The strategy is a focused, rewarding climb. Hit the inline drops in the right orbit to increase your bonus multiplier, then keep driving that right orbit to collect the B-L-A-C-K and P-Y-R-A-M-I-D letters, each spelling pumping your bonus higher. Because the bonus carries over from ball to ball, a player who builds a big bonus on ball one can shift focus to simply hitting those inline drop targets afterward, compounding the advantage. Landing in the saucer while the “A” insert is lit opens the detour gate to prevent a right-outlane drain — a handy bit of self-preservation — and spelling BLACK PYRAMID three times rewards you with a free game, a tangible prize for sustained accuracy.
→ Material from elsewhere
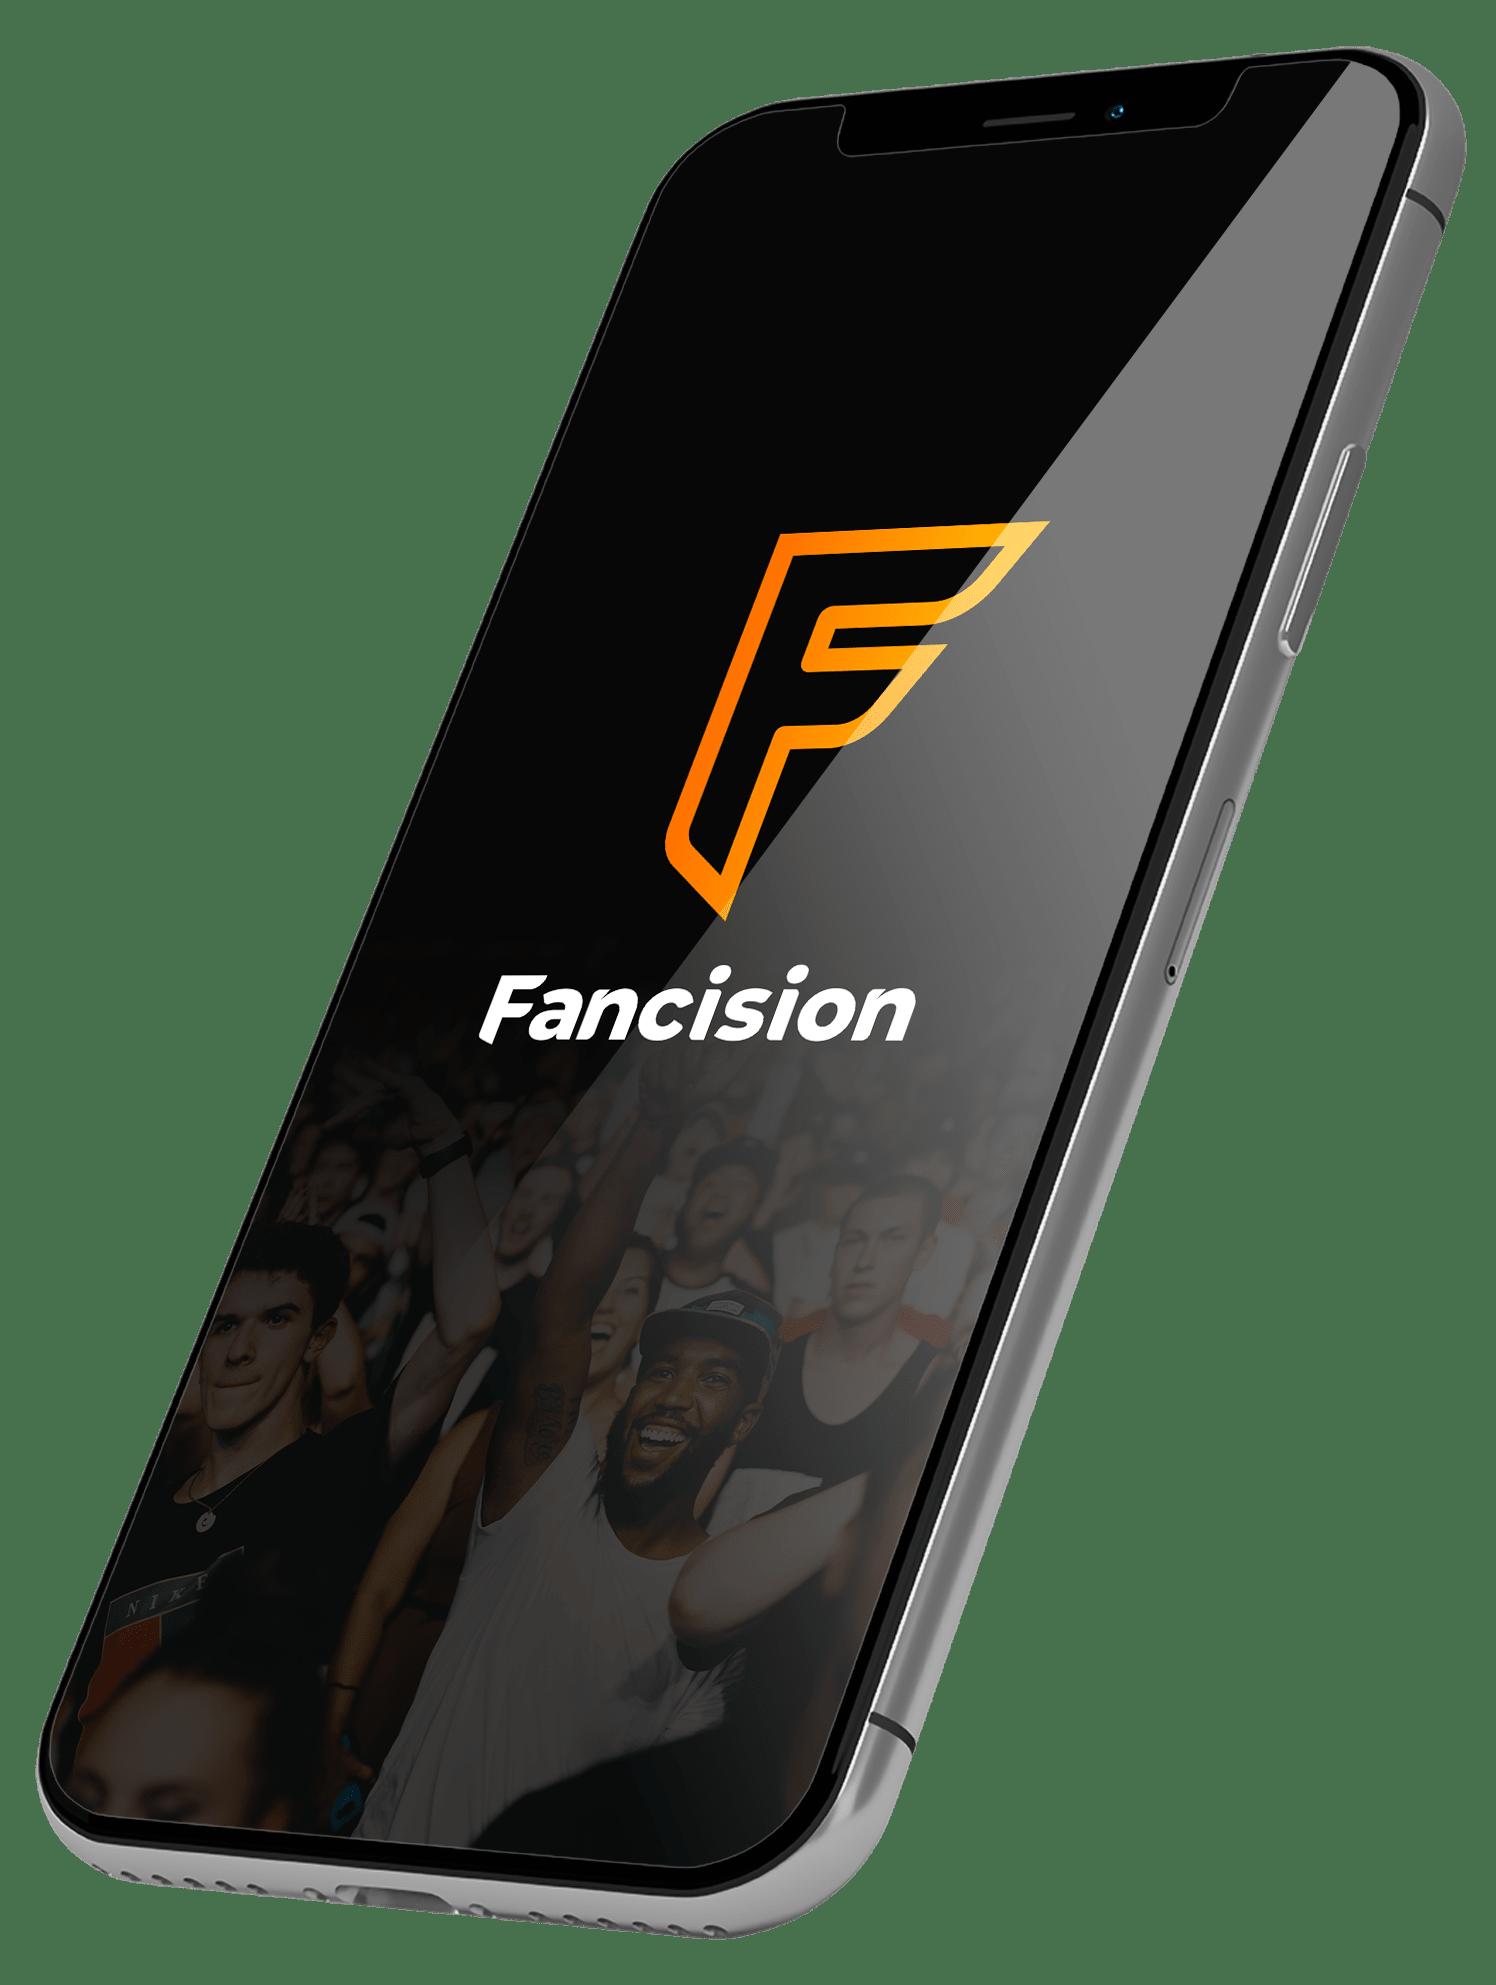 Fotografia Fancision - Pantalla de inicio

Black Pyramid is one of those tidy, well-balanced mid-’80s Bally machines that rewards a player who commits to its central loop and builds that carryover bonus patiently. Freres’s moody pyramid art gives it real atmosphere, and the inline-drops-and-orbit structure makes for a clean, repeatable groove that’s deeply satisfying to master. Drive the right orbit, spell the words, protect your bonus with that gate, and chase the free game. The pharaoh’s treasure goes to the player with the steadiest right-orbit shot in the room.